Helix aspera mutually inseminating each other

DRAWING BY FÉRUSSAC, 1745-1815

Love hurts for snails

BRONWYN CHESTER | Birds do it, bees do it and snails do it -- but with a pointed difference. They do it with darts. Before mutual insemination -- snails are known in the business as "simultaneous reciprocal" hermaphrodites -- the amorous gastropods shoot centimetre-long darts out of their bodies and into the genital area of the other (which happens to be just behind the head on the right side).

Why, you ask? That's a question that malocologists (snail scholars), including McGill biology professor Ronald Chase, have been asking since at least the 17th century.

Chase and biology doctoral student Joris Koene think they've come up with part of the answer, which they published in a recent issue of The Journal of Experimental Biology. According to Chase and Koene, it may be that the dart serves to transport a chemical contained in its mucus coating which causes contractions in the female reproductive organs, helping the sperm find its way into one of several tubules in the spermatheca sac, a sperm storage chamber. In other words, the dart acts as a sort of hypodermic needle, says Chase.

When it comes to mating, snails could teach the bed-hopping denizens of Melrose Place a thing or two. They copulate frequently with many partners and can store sperm for up to two years.

Only an estimated one-hundredth of one per cent, however, of donated sperm find their ultimate destination. So, "it would be advantageous for a sperm donor to increase the survival and utilization of his sperm relative to that of his competitors," write Koene and Chase. The idea being, of course, that every snail will do its utmost to ensure that his/her genes get expressed in a next generation.

But success in reaching the spermatheca does not a father make. For, given the promiscuity of the gastropod, the sperm in the spermatheca will be from various donors. What, then, can a snail do to ensure posterity? Do better dart-shooters have a better chance at fatherhood?

Chase and post-doctoral fellow Michael Landolfa are now working with the hypothesis that the more deeply embedded the dart, the greater the chance of a particular snail's sperm being "chosen" to fertilize his/her partner's eggs when the time is right. Snails dig themselves a burrow in the earth and lay their eggs only when there is sufficient humidity.

In order to test their hypothesis, Landolfa will be genotyping the eventual baby snails and comparing them to their possible parent snails, all of whose dart-shooting skills have been observed and noted.

There's a point -- no pun intended -- given, for instance, if the dart actually makes it into the partner; not all do. (In fact, Chase has a favourite slide of a snail with a centimetre-long white dart emerging from its head!)

Some darts stay in only momentarily, while others may be deeply lodged; the depth of the latter will be measured. For the moment, Chase and Landolfa don't know if there's a prime target spot, but that's another factor they will observe over the coming months.

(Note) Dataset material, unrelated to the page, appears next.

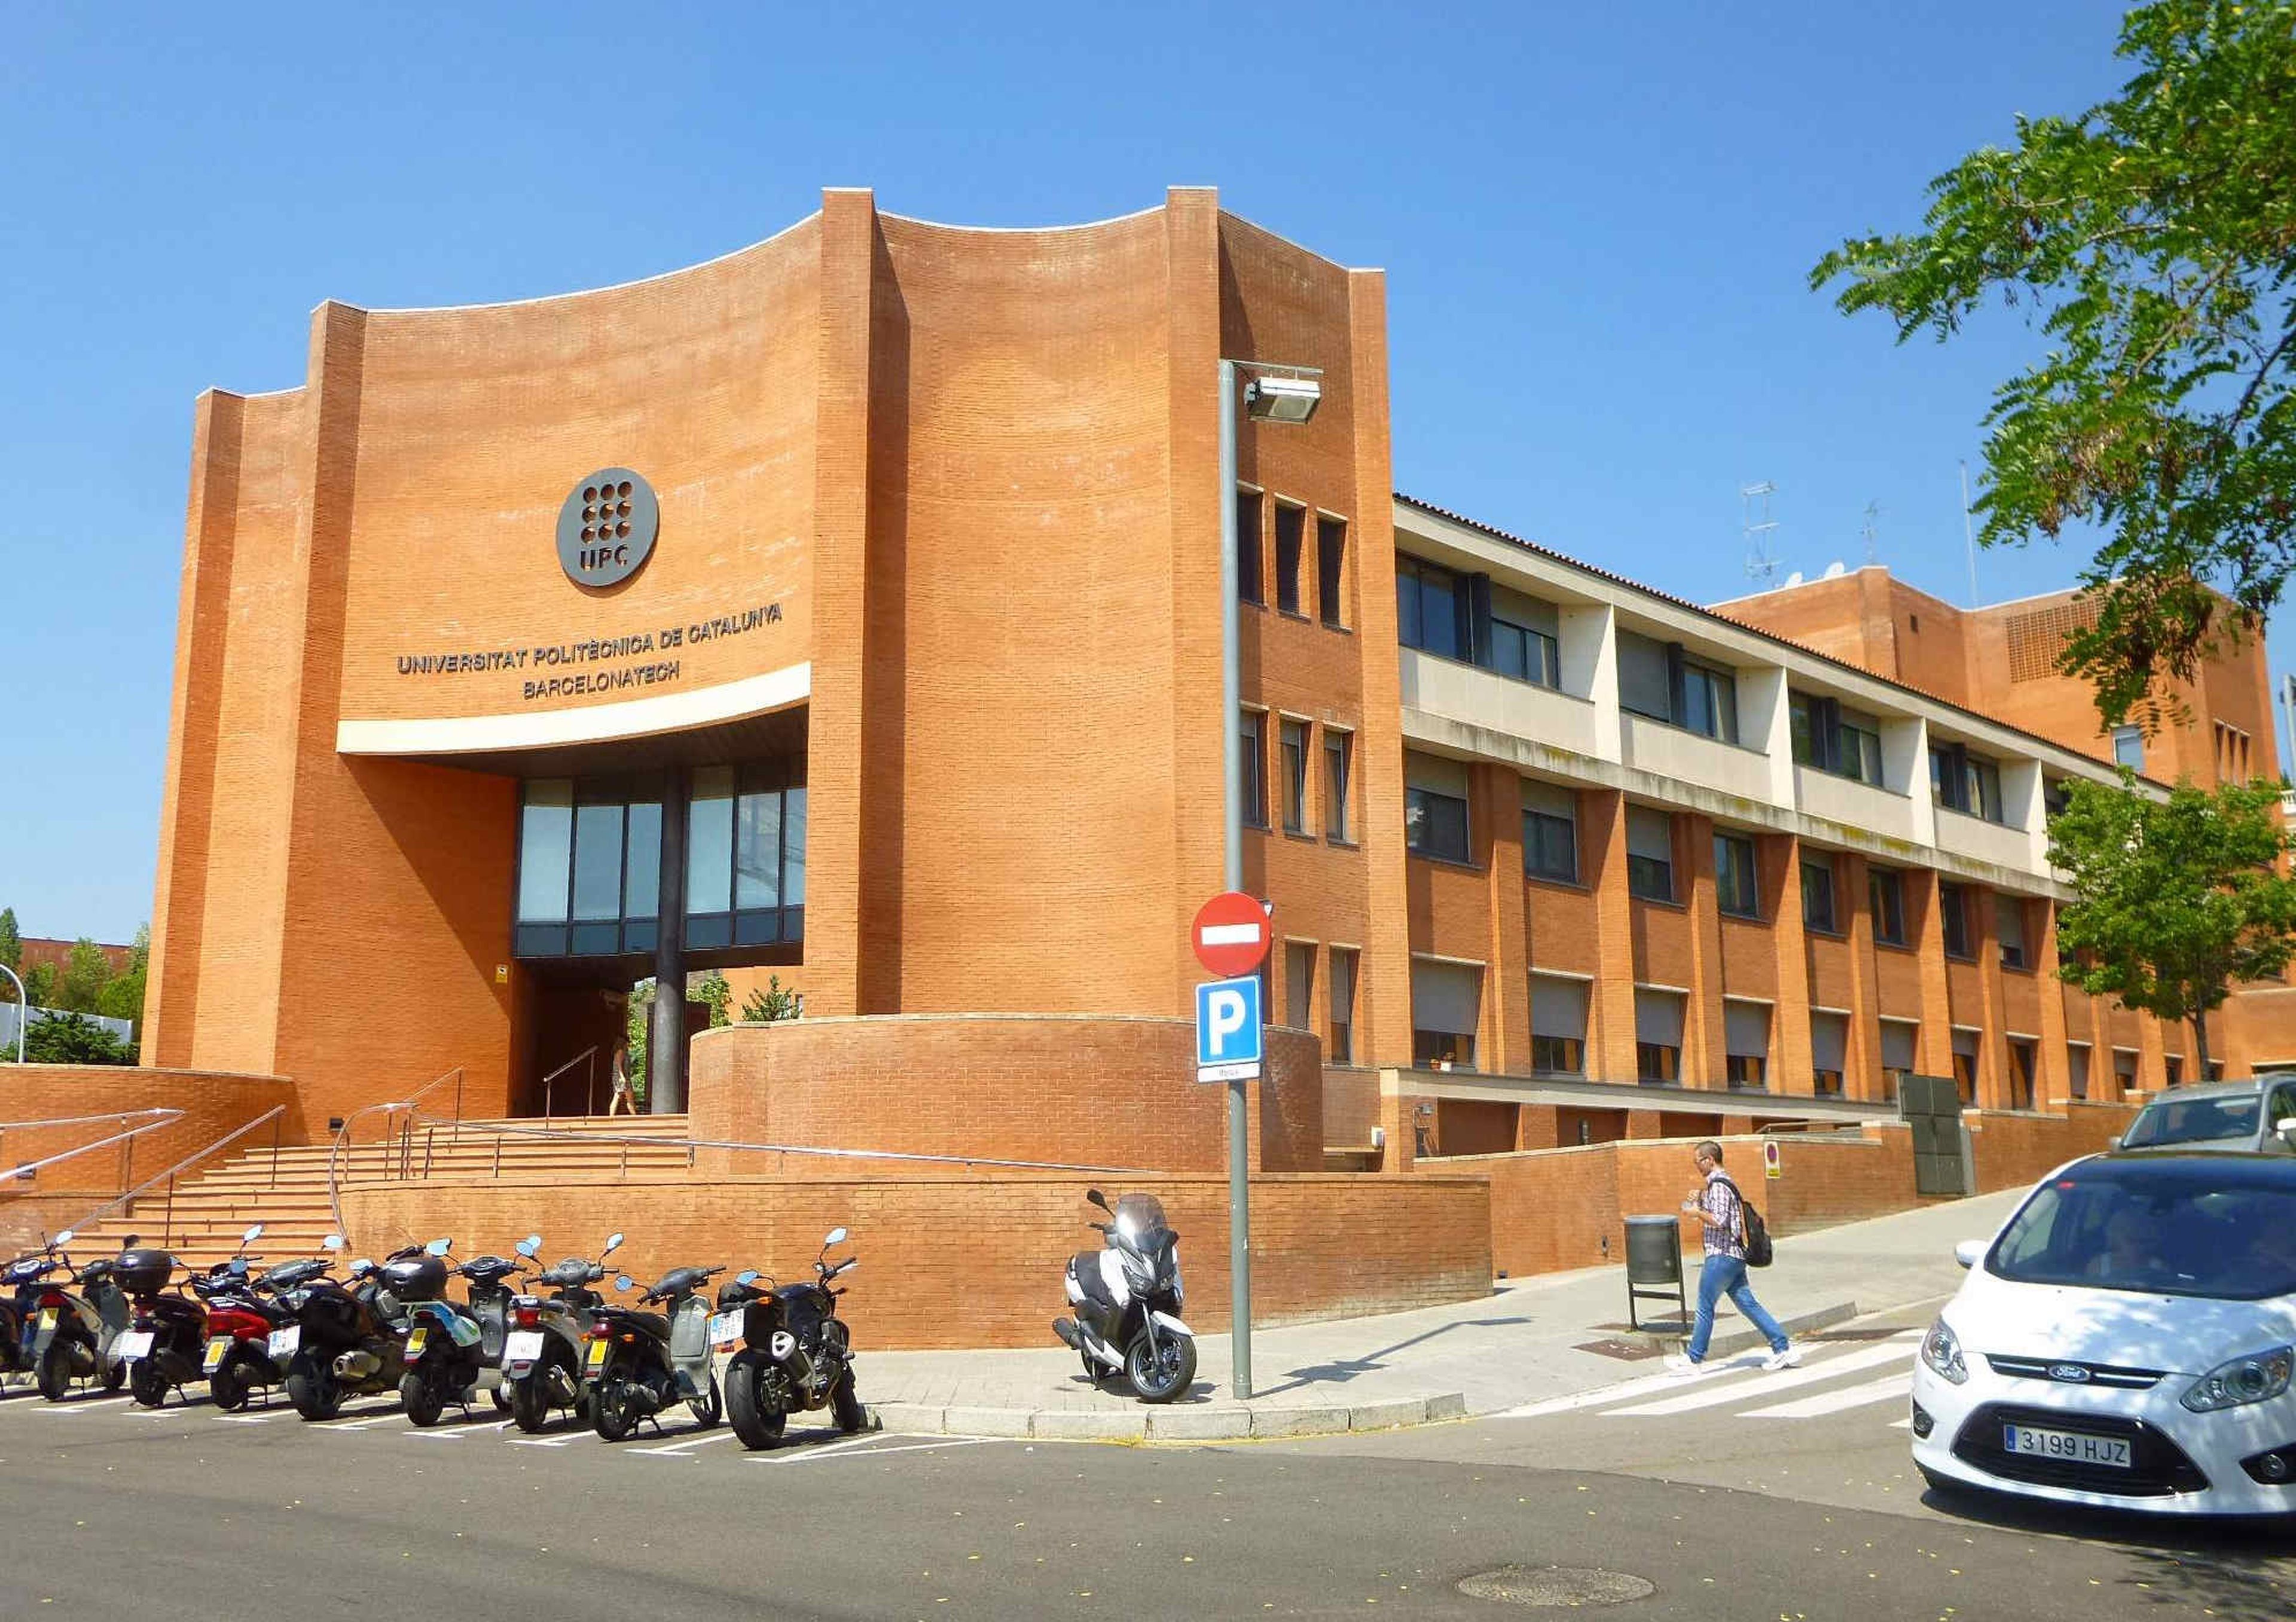 Edificio de la Universidad Politécnica de Cataluña BarcelonaTech.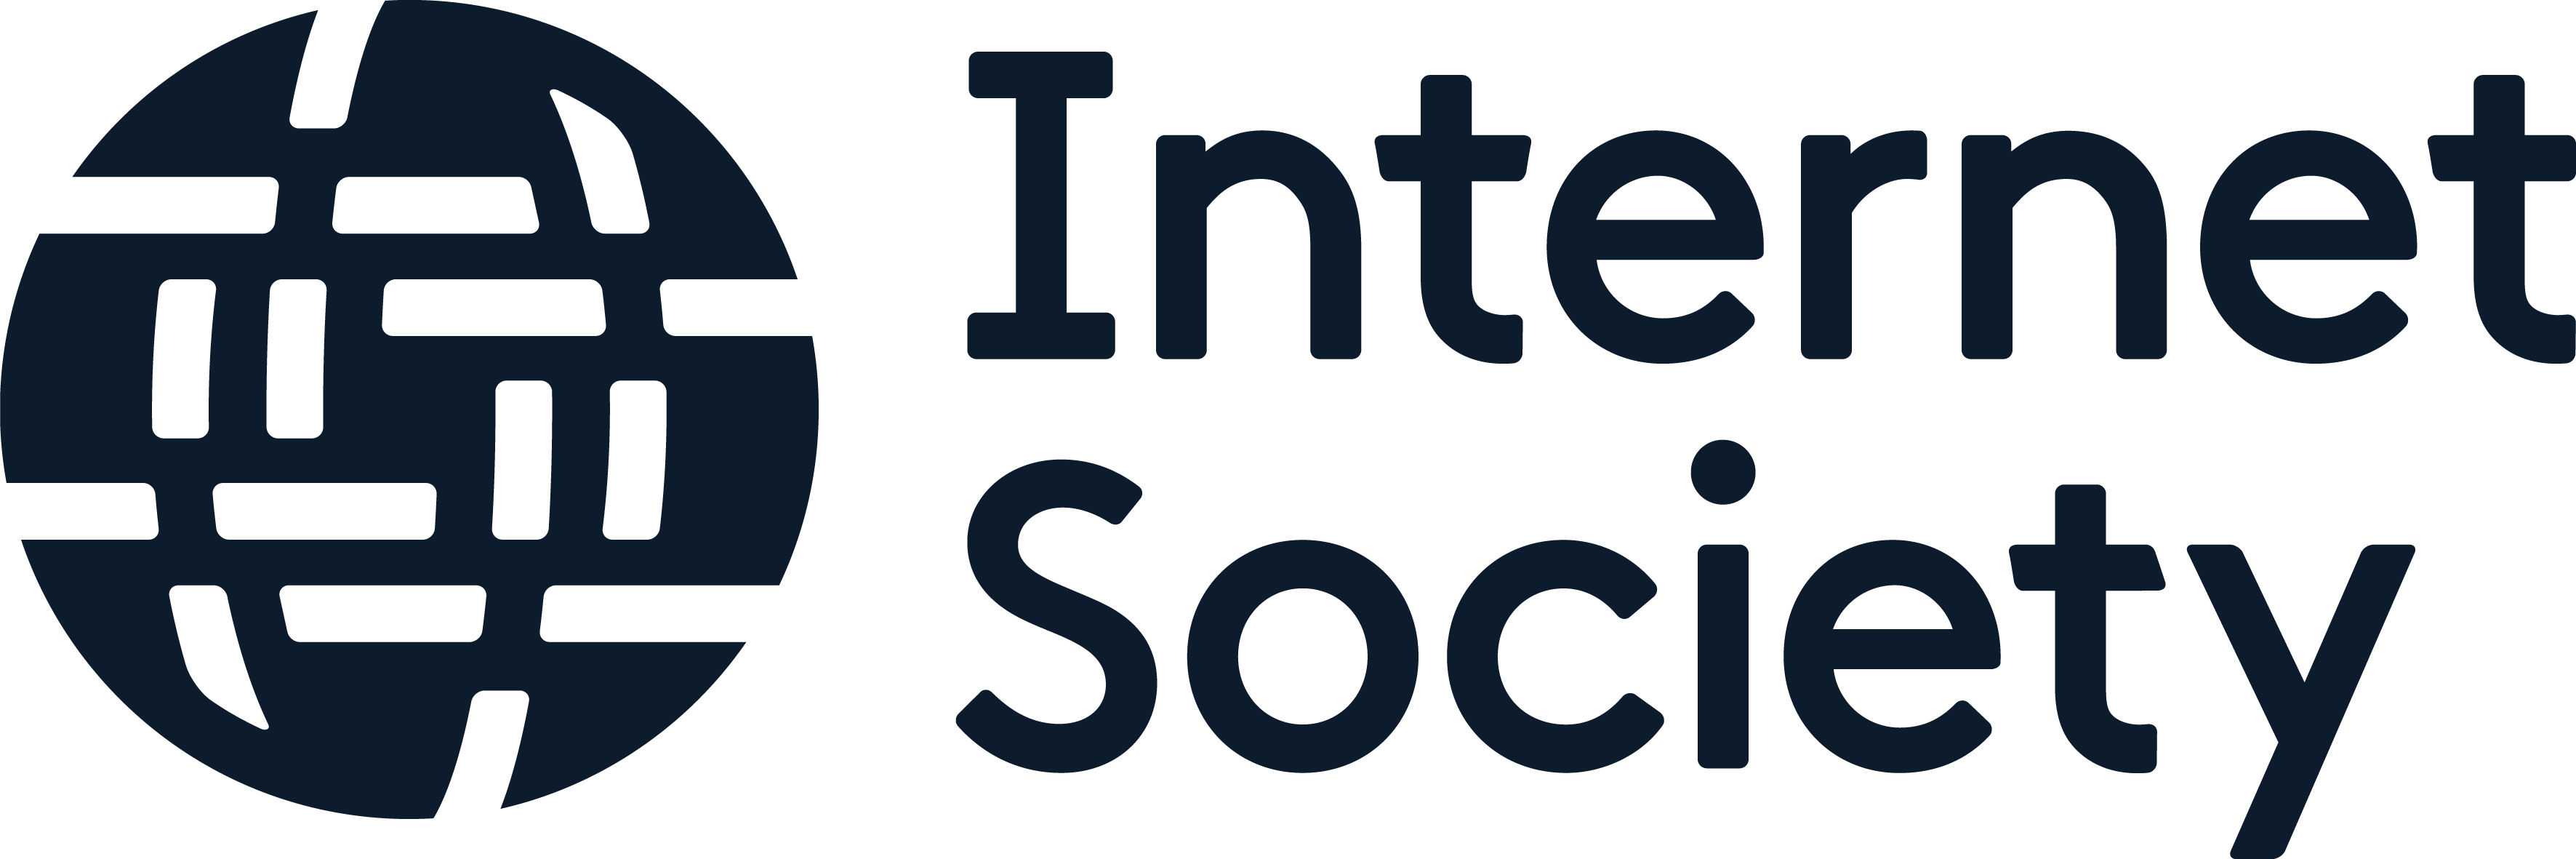 Internet Society

If you're wondering about the mechanics of researching snails, these two-inch-long Californian imports are most obliging. Usually, Chase need only liberate the snails from their individual plastic "condos" in order for them to begin courtship. Twelve go into the "mating box" and when the activity gets serious, from one to four couples are moved to individual "nuptial suites," where they are observed.

Chase and his snails have been together a long time, but never in their 27-year relationship has Helix aspersa brought him such attention as with the publication of the mucus-dart connection.

ABCNEWS on the web, the British magazine Nature's on-line news service, Nature Australia magazine, Science Bizarre of the Discovery channel on-line magazine and, most recently, Quirks and Quarks, the CBC radio science show, have all paid attention. Chase, who's one of only a handful of people in the world studying the love dart, says he's "surprised by the attention. But I like it.

"There seems to be lots of interest in snail sex around the world," he says with a chuckle.